Building a Distributed Storage Metadata Service in Go

Modern distributed storage systems like Amazon S3, Google Drive, and HDFS are built on a deceptively simple idea: separate metadata from data, and manage storage in chunks instead of files.

In this project, I built a production-style metadata service in Go that mimics core concepts of distributed object storage systems:

Chunk-based storage (4MB fixed-size blocks)
Content-addressed storage using SHA-256 hashing
Deduplication using reference counting
gRPC streaming upload/download APIs
PostgreSQL-backed metadata layer
Background garbage collection system

This article breaks down the architecture, design decisions, and internal mechanics of the system.

System Overview

At a high level, the system is composed of four main layers:

Client
  ↓
gRPC Metadata Service (Control Plane)
  ↓
PostgreSQL (Metadata Store)
  ↓
Local Disk Storage (Chunk Store)
  ↓
Garbage Collection Worker

The system is designed to simulate how real-world storage engines separate:

Control plane - metadata, indexing, lifecycle
Data plane - actual file storage
Background maintenance - GC, cleanup

Core Design Goals

The system was designed with the following goals:

1. Efficient large file handling

Files are split into 4MB chunks and streamed.

2. Deduplication at the storage layer

Identical chunks are stored only once using SHA-256 hashing.

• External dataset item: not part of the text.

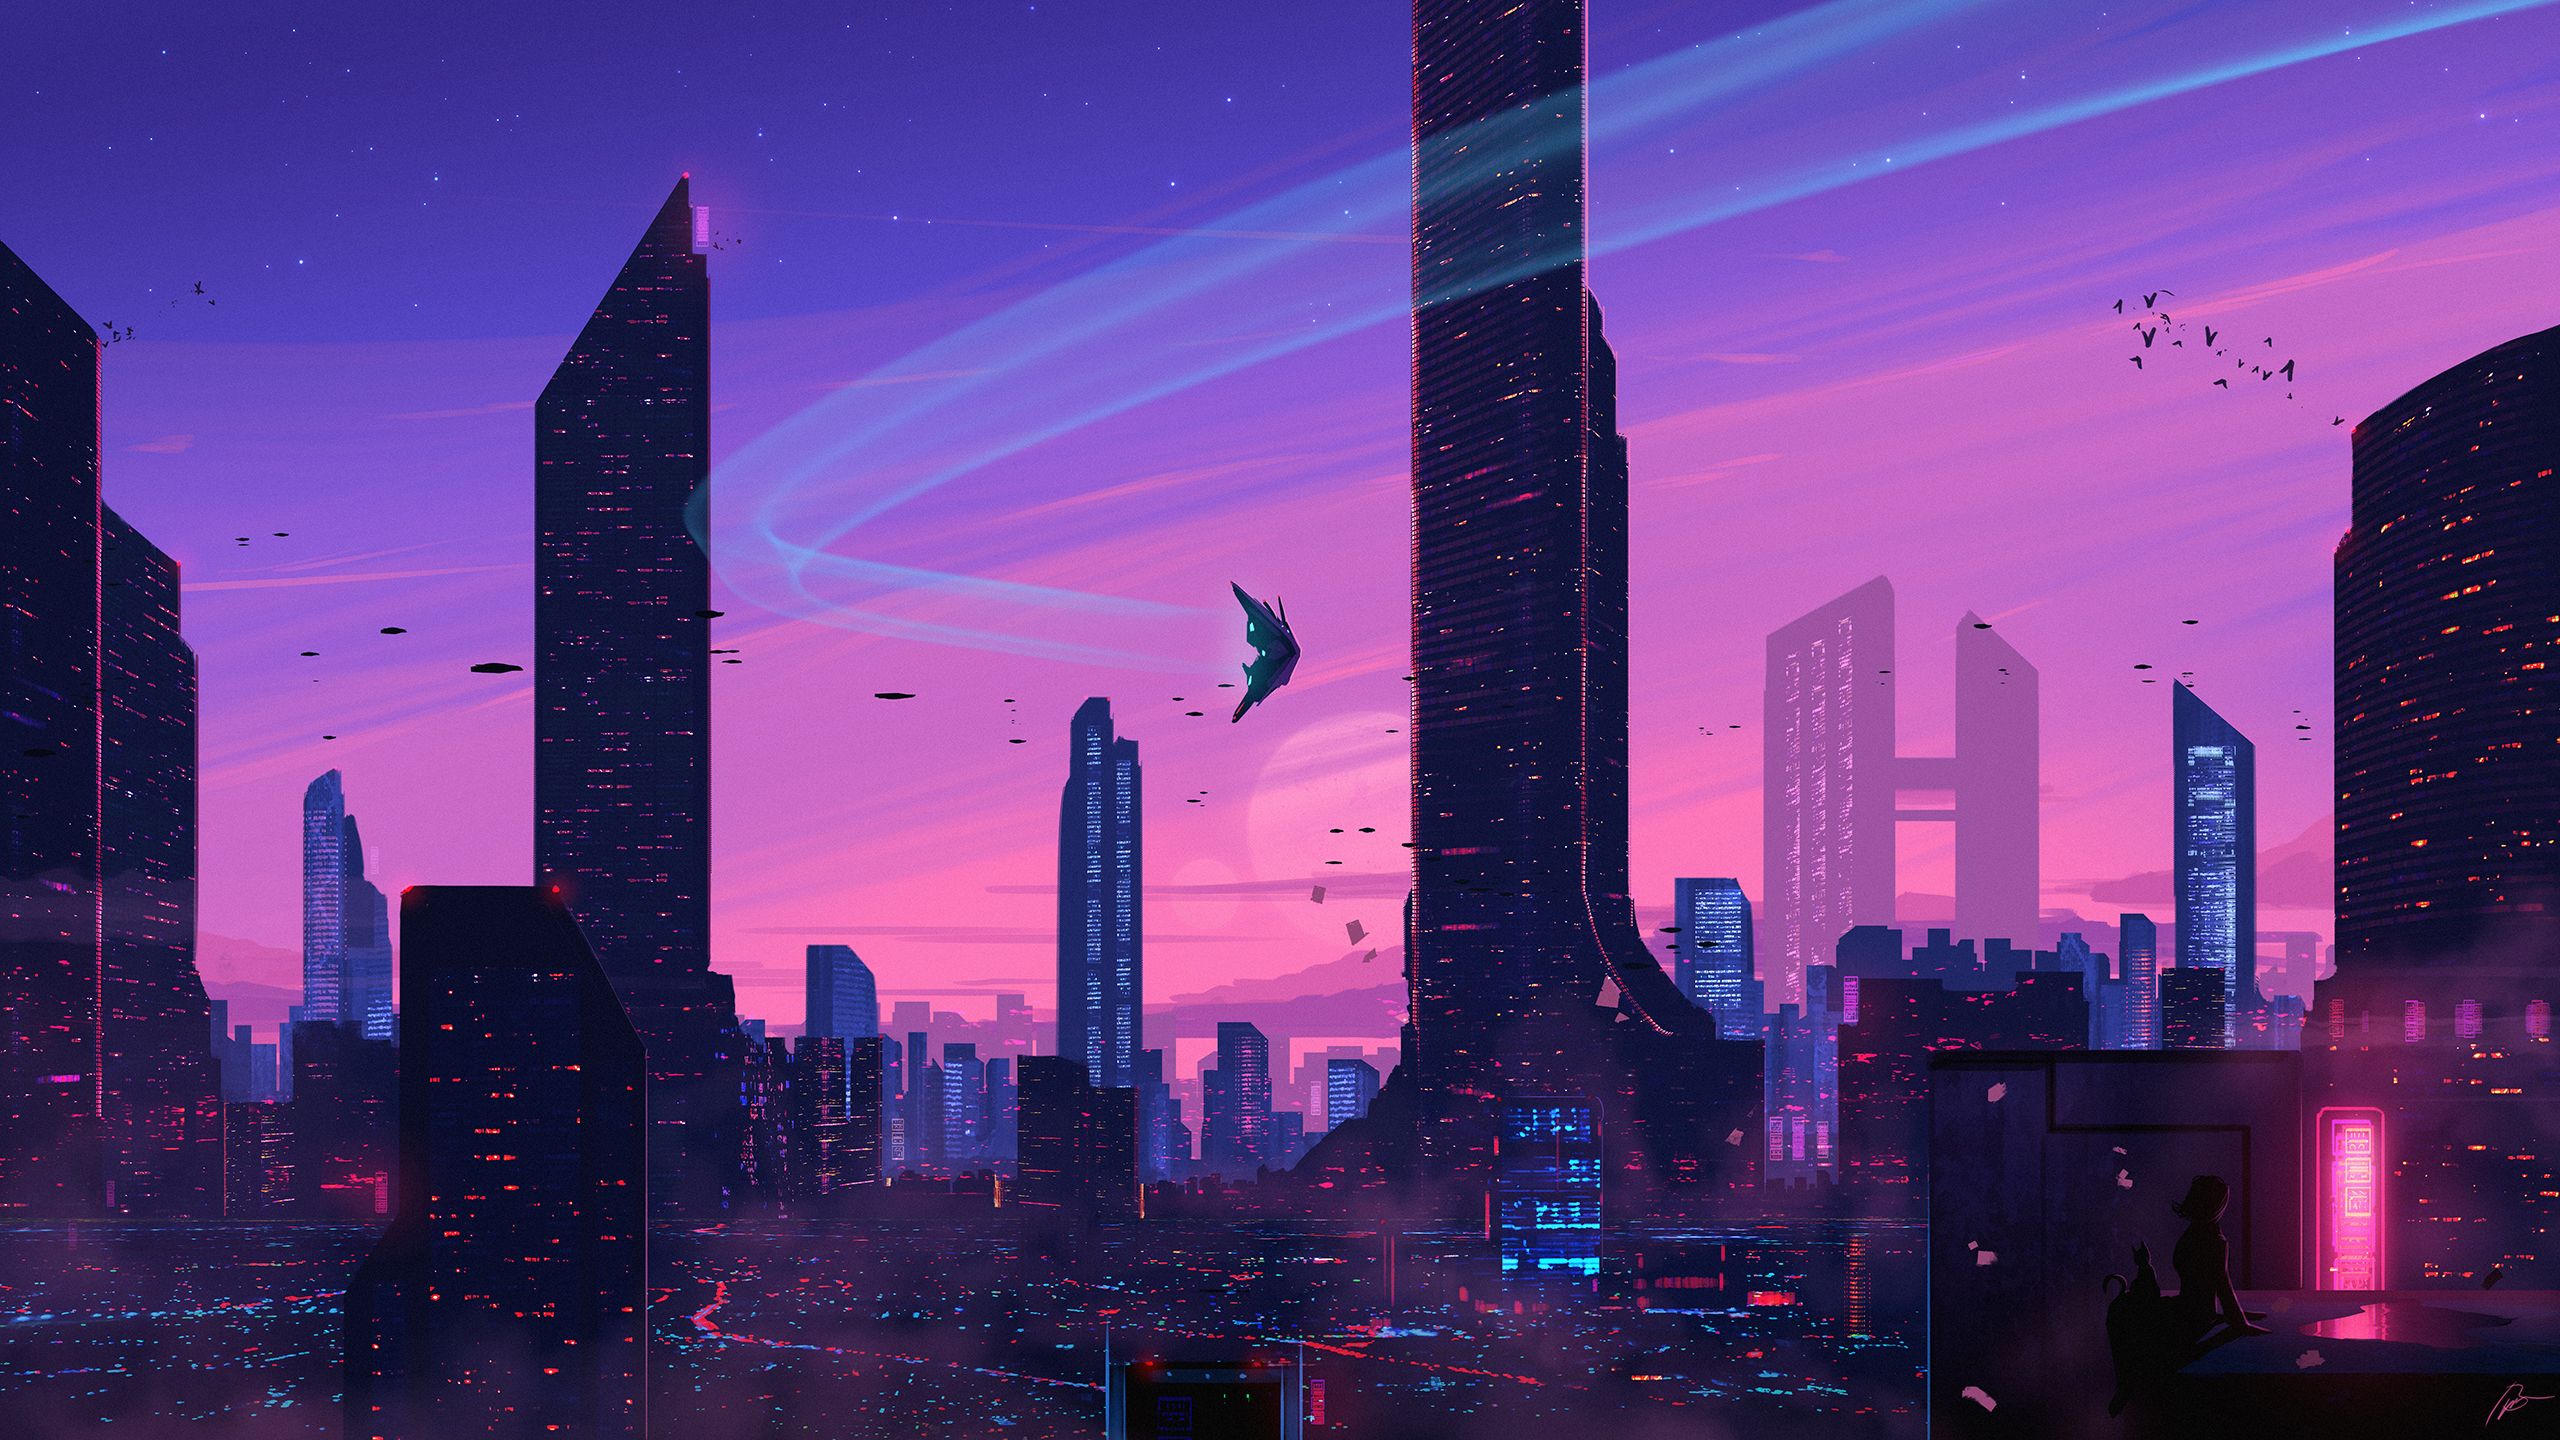 futuristic, sci fi, city, cat, cityscape, skyscraper images

3. Strong metadata consistency

PostgreSQL acts as the single source of truth.

4. Fault-tolerant deletion

Deletion is delayed and handled via garbage collection.

5. Streaming-first design

No full file buffering on the server side.

Architecture Breakdown

1. gRPC API Layer (Metadata Service)

The API layer exposes three core operations:

UploadObject (streaming upload)
DownloadObject (streaming download)
DeleteObject (logical deletion)

Why gRPC streaming?

Instead of uploading files in a single request, the system uses streaming:

Handles large files efficiently
Avoids memory pressure
Enables real-time chunk processing

2. Upload Pipeline

The upload flow is the most critical part of the system.

Step-by-step flow

Client streams the file in 4MB chunks
Server receives a chunk
SHA-256 hash is computed
Chunk is written to disk (if not already present)
Chunk metadata is stored in PostgreSQL
Object -> chunk mapping is created

Key design decision: content addressing

Each chunk is stored using:

SHA256(chunk_data) → filename

This ensures:

Deterministic storage
Deduplication across all objects
Fast lookup without scanning disk

Storage layout

data/chunks/ab/cd/<sha256-hash>

This prevents single-directory file explosion and improves filesystem performance.

3. Metadata Schema (PostgreSQL)

PostgreSQL acts as the system's source of truth.

Objects table

Stores file-level metadata:

object_id (UUID)
name
status (PENDING -> READY)
deleted flag
timestamps

Chunks table

Stores deduplicated chunks:

chunk_id
hash
storage_path
ref_count

object_chunks table

Maintains ordering:

object_id
chunk_id
order_index

This is essential for reconstructing files correctly during download.

Deduplication System

The system implements hash-based deduplication with reference counting.

How it works?

When a chunk is uploaded:

If the chunk already exists -> increment ref_count
Else -> create a new file and DB entry

Example

Object A → [chunk1, chunk2, chunk3]
Object B → [chunk2, chunk3, chunk4]

Chunks 2 and 3 are shared.

This reduces storage usage significantly for:

Backups
Versioned files
Repeated uploads

Deletion Model (Two-Phase Design)

Deletion is not immediate. Instead, it follows a 2-phase lifecycle.

Phase 1: Logical deletion

Mark object as deleted = true
Remove object -> chunk mappings
Decrement chunk reference counts

At this stage, data is still physically present on disk.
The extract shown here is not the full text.